Belfast has a strong graphic design community — agencies, studios, and a growing number of experienced independent designers who work directly with clients. If you need design work done, a local freelance designer is often the fastest, most cost-effective route.
Here's how to make the most of it.
What graphic designers actually do
“Graphic design” covers a lot of ground. Before you start looking, be specific about what you need:
- Brand identity — logo, colour palette, typography, brand guidelines. A strategic piece that shapes everything downstream.
- Print design — brochures, leaflets, signage, exhibition materials, packaging.
- Digital design — social media templates, email graphics, digital ads, presentation decks.
- Publication design — annual reports, magazines, books, editorial layouts.
Not every designer does all of these well. A great brand designer might not be your best choice for a packaging project, and vice versa. Look for a portfolio that matches your specific need.

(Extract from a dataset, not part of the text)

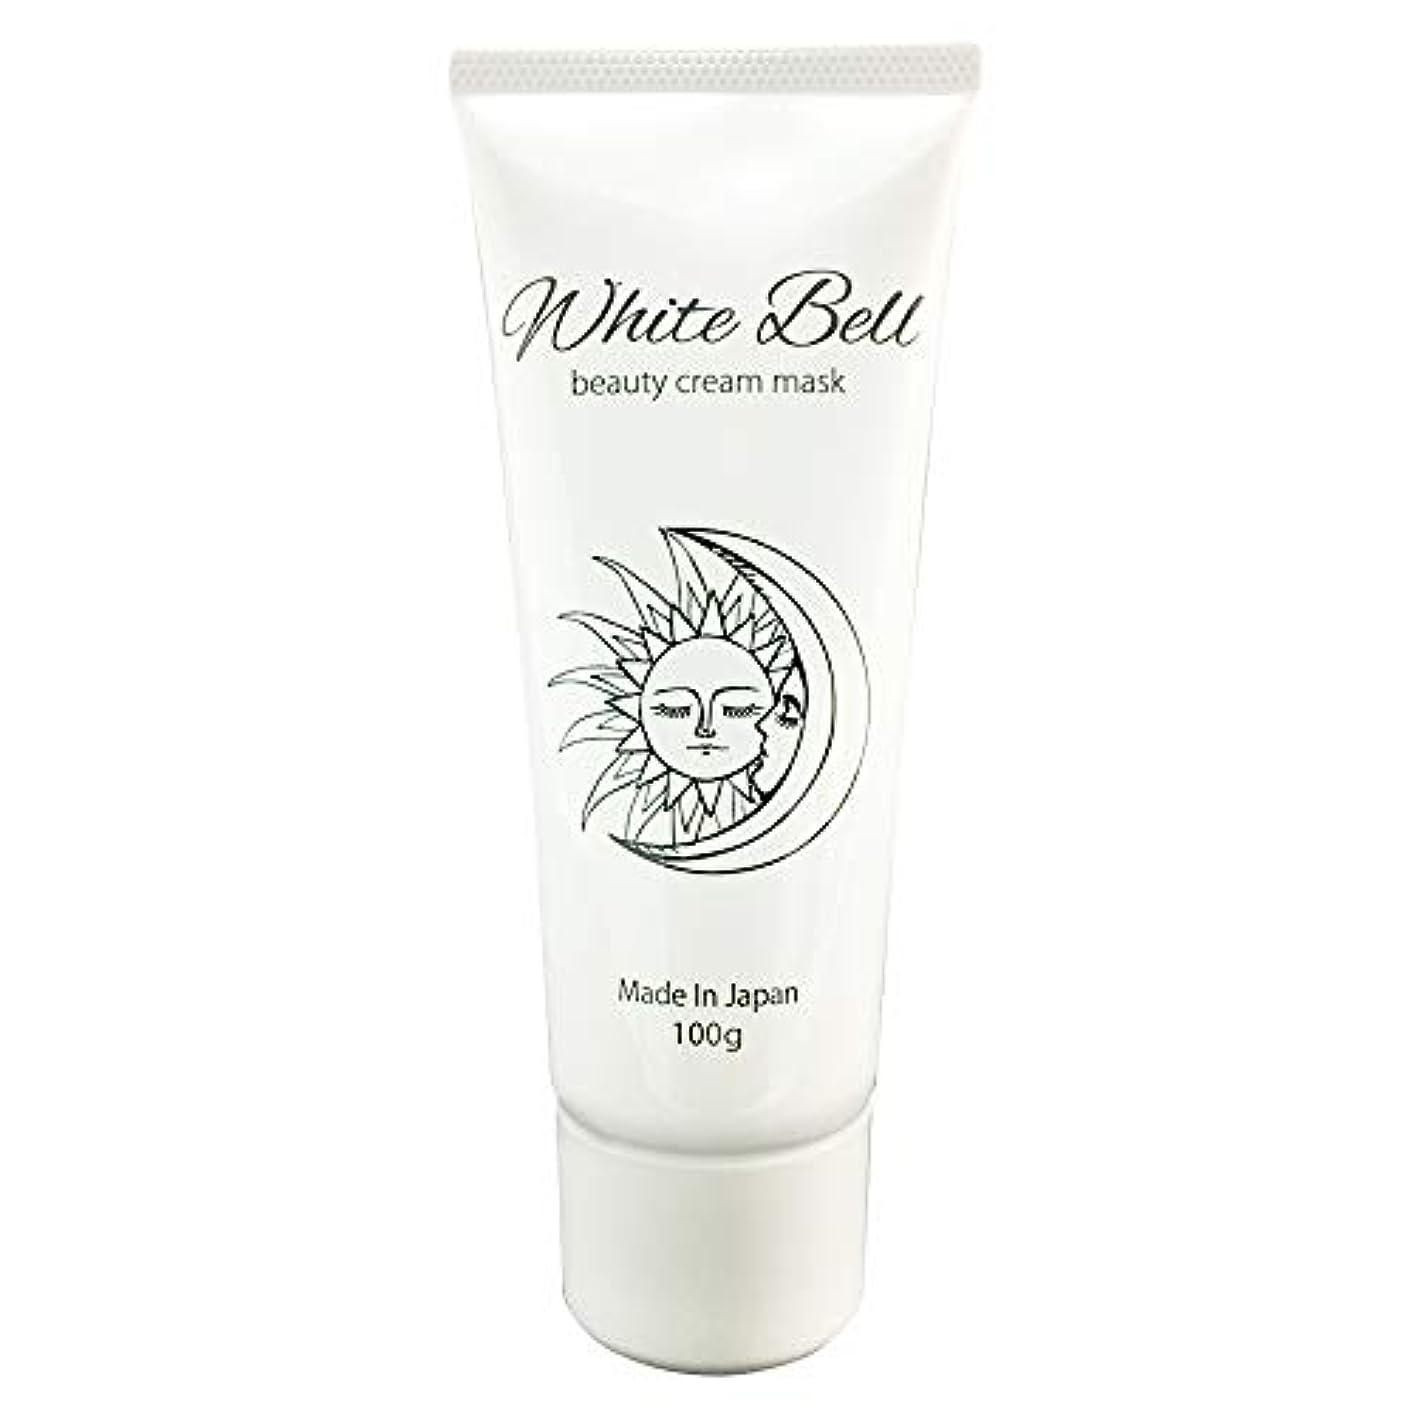 大西洋記念碑驚かすホワイトベル ビューティークリームマスク White-Bell beauty cream mask ナイトクリーム オールインワン

What makes a good design brief
The single biggest predictor of a successful design project is the quality of the brief. A good brief includes:
- What you need — the specific deliverable, not just the outcome. “A new logo” is a start; “a logo for a Belfast-based accountancy firm targeting SME clients, to be used across print and digital” is a brief.
- Who it's for — describe your target audience in real terms.
- What you don't want — references for styles or aesthetics to avoid are just as useful as inspiration.
- Your timeline — realistic deadlines, not aspirational ones.
- Your budget — it helps designers scope their proposals appropriately.
Day rates for Belfast graphic designers
Experienced freelance graphic designers in Belfast typically charge between £300 and £600 per day, depending on their experience and the nature of the work. Brand strategy and identity work tends to command the higher end; execution of defined assets tends to sit lower.
Project rates are common for defined deliverables — a logo, a brochure, a set of social templates. These give you cost certainty and give the designer flexibility in how they structure their time.
Local vs remote
Most design work can be done fully remotely. But for brand projects especially, many clients value the ability to meet in person — to walk through the brief, present concepts, and refine ideas face to face. A Belfast-based designer makes that straightforward.
There's also the matter of local knowledge. A designer who understands the Northern Ireland market understands your audience in a way that an international freelancer simply won't.